In 2013’s session, Representative Steve Vaillancourt (R) introduced HB 492 (sponsored by three Republicans and two Democrats), which would legalize the possession of small amounts of marijuana and place a 15 percent sales tax on it. The bill passed the House, and while in the Ways and Means committee the state’s DRA has determined that it would bring in $26 million to $39 million per year from NH residents. Sponsor Vallaincourt estimates that figure could easily pass $50 million when sales to tourists are included.
But Hassan’s veto makes it unlikely that Prohibition will end in New Hampshire as long as she is governor. So we will continue to tax the MacDonald’s meal of a working mother, and the house of a retired veteran, rather than tax a recreational drug. The only hope for change is Republican governor candidate Andrew Hemingway, who has said that if elected he will work with the statehouse to find a path to legalization.
Prohibition Never Works
Although marijuana is a far less harmful drug than alcohol, a look back at alcohol Prohibition is useful. When alcohol was made illegal (by a Constitutional Amendment, not by arbitrary Federal power grab), it caused the same problems that we have now with illegal drugs. People didn’t stop drinking, but the illegal alcohol cost them more. Tax revenue was lost. People died from adulterated alcohol. Profits from the illegal trade created an ecological niche for organized crime. Murder, assault, and corruption of law enforcement all skyrocketed.
When FDR took office, he quickly signed legislation repealing the Prohibition amendment. State governments started receiving tax revenues from legal alcohol again. The human costs of deaths and blindness from adulterated alcohol ended. Murder and assault rates fell immediately. Today, no one is killed in drive-by shootings over beer or bourbon. And according to New Futures (New Hampshire’s largest anti-substance-abuse group), the state collected around $150 million dollars in alcohol taxes in 2012.

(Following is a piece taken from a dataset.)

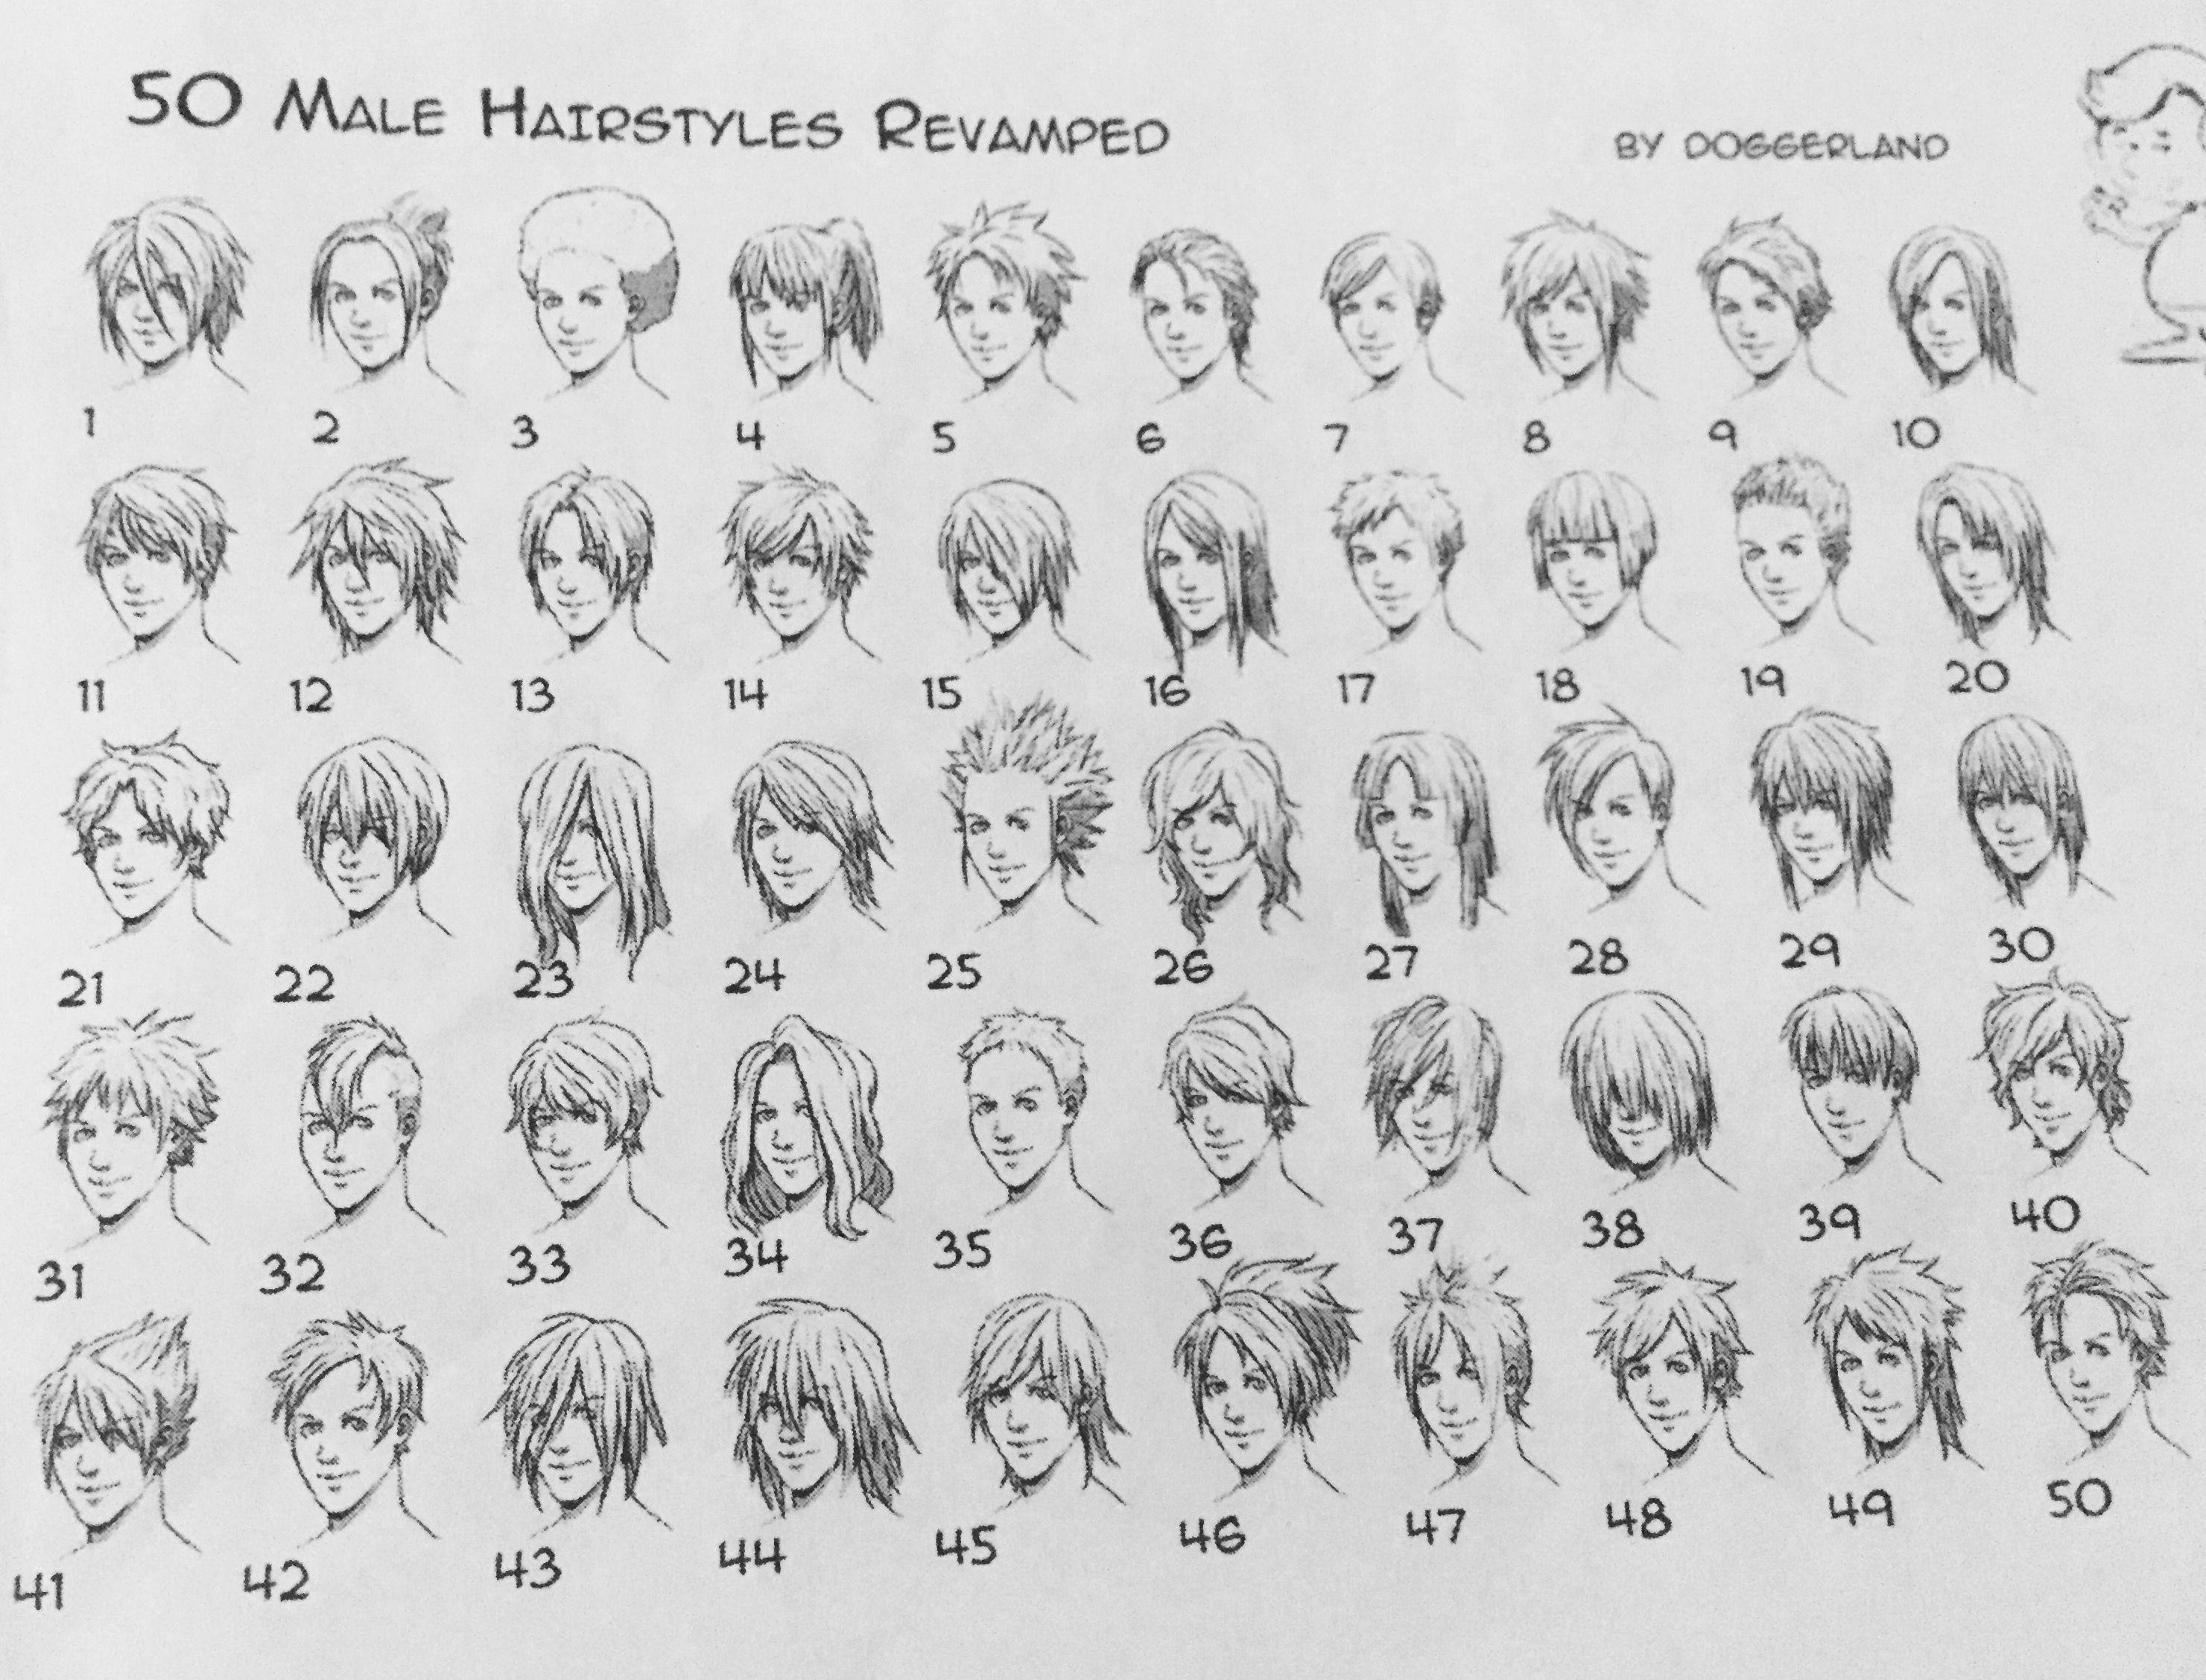 Men's hairstyles Прически аниме, Рисование волос

Legalizing marijuana would have several benefits. First of all, as has been seen in other states with decriminalization laws, non drug users aren’t going to run out and start using marijuana. What will happen is “drug switching:” people who now may be binge drinkers or even OxyContin users will switch to the safer marijuana. No one has ever died of a marijuana overdose, and it doesn’t have the severe physical effects of many other drugs of abuse. While HB 492 will keep it illegal to drive under the influence of marijuana, THC in the blood doesn’t affect traffic safety as severely as alcohol does.

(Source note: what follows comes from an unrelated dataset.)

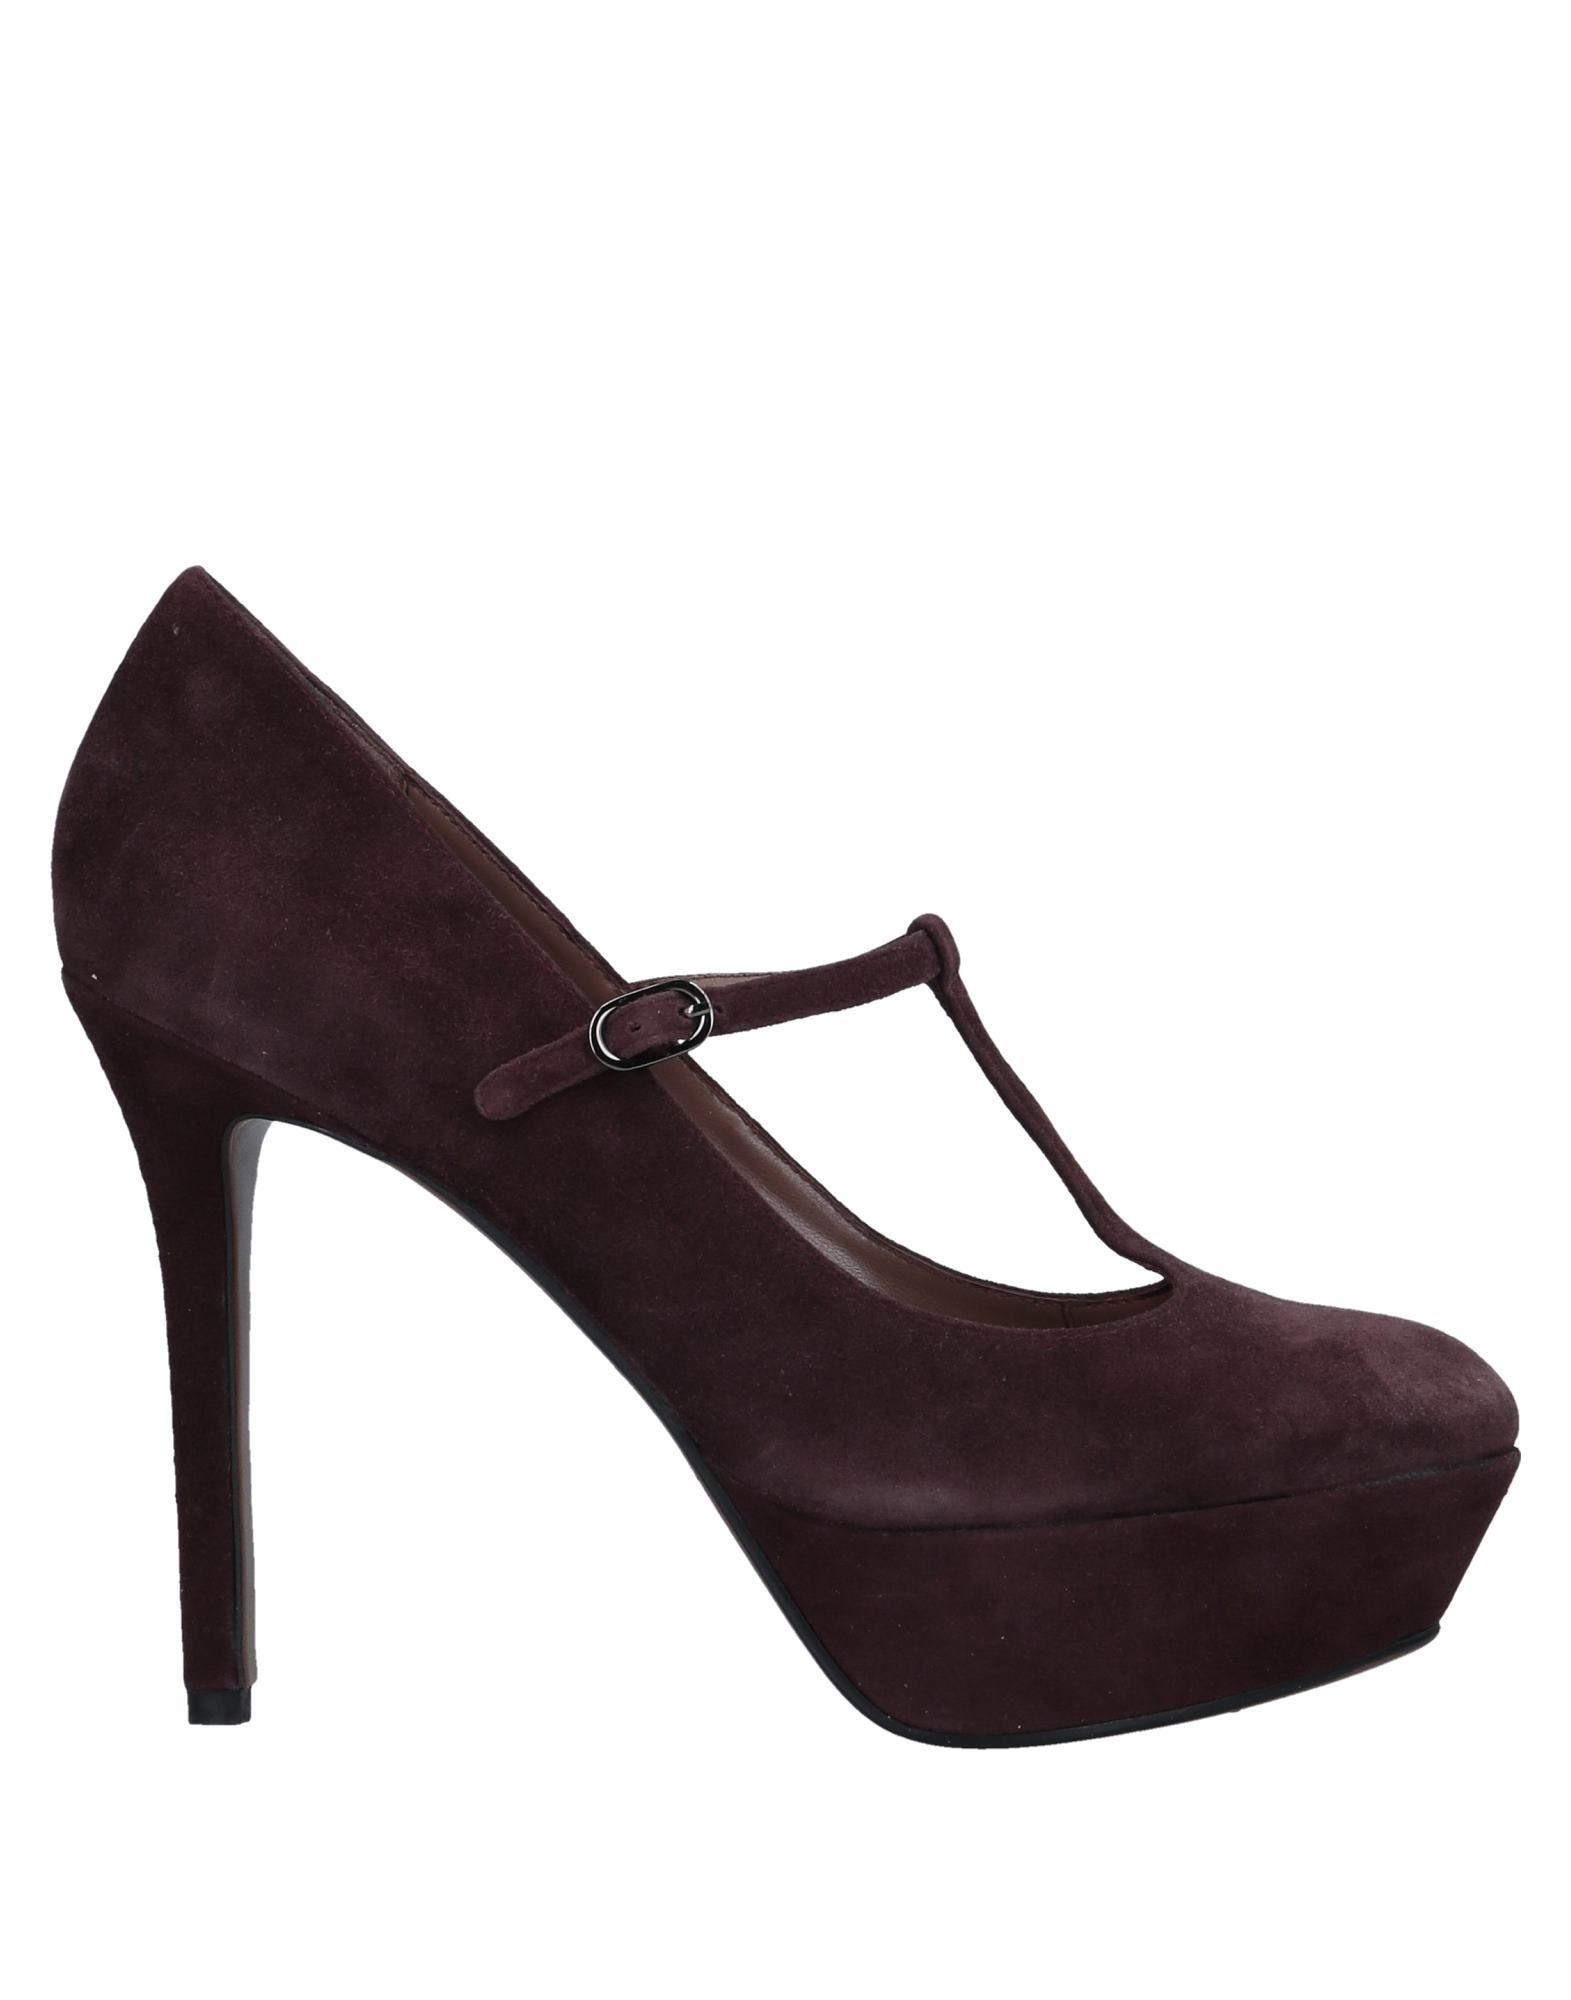 Sandali Camper Donna - scarpe 44640779IM Nuove offerte e scarpe - comode 2cf844

The NH affiliate of ACLU has released a report showing that direct costs to the state of prosecuting marijuana crimes were $6,526,364 in 2010. But the real cost to society must be far higher. Current law provides for a jail sentence of up to one year for possession of even the smallest amount of marijuana. A young person convicted for a youthful indiscretion can have his/her entire life derailed, education disrupted, career aborted, relationships cut off. When in prison with violent criminals, peaceful offenders may even be permanently injured or drawn into a life of crime.

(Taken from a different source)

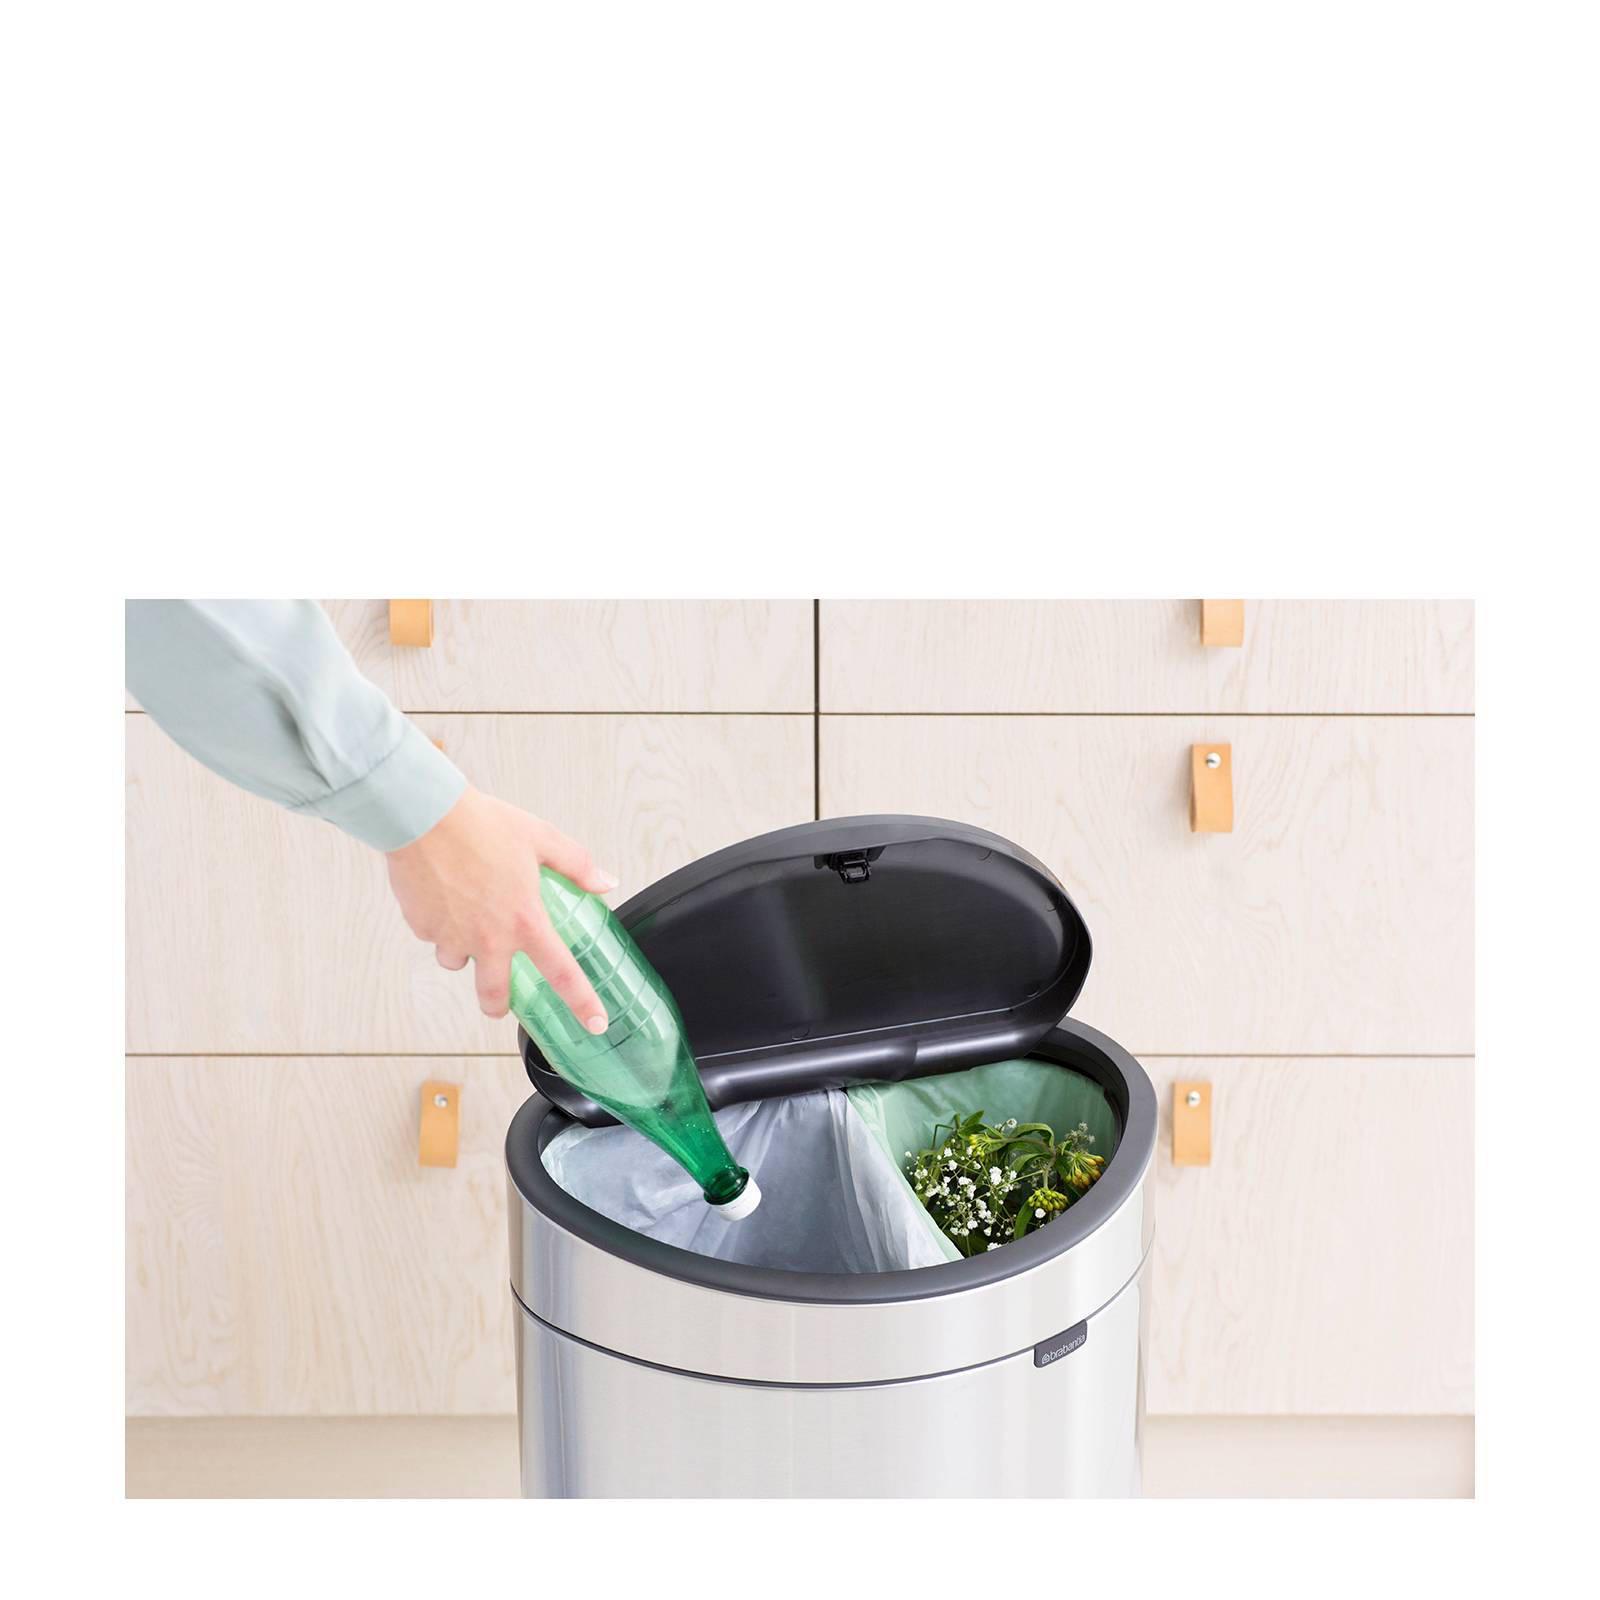 Prullenbak Brabantia Touch Bin 10 Liter.Touch Bin Recycle Prullenbak 23 10 Liter

If New Hampshire wants to live up to its “Live Free or Die” motto, it’s going to have to stop voting for Prohibitionists like Hassan. Republican candidate Hemingway has a tough race ahead; Hassan has the financial support of the health-insurance monopoly created by the preceding governor’s regulations. She also has money from casino-monopoly interests, public-school monopoly interests, and a campaign army of government-employee unions. All Andrew Hemingway has is his support for our traditional freedoms.
Bill Walker is a member of the New Hampshire Liberty Alliance and the Sullivan County Republican committee.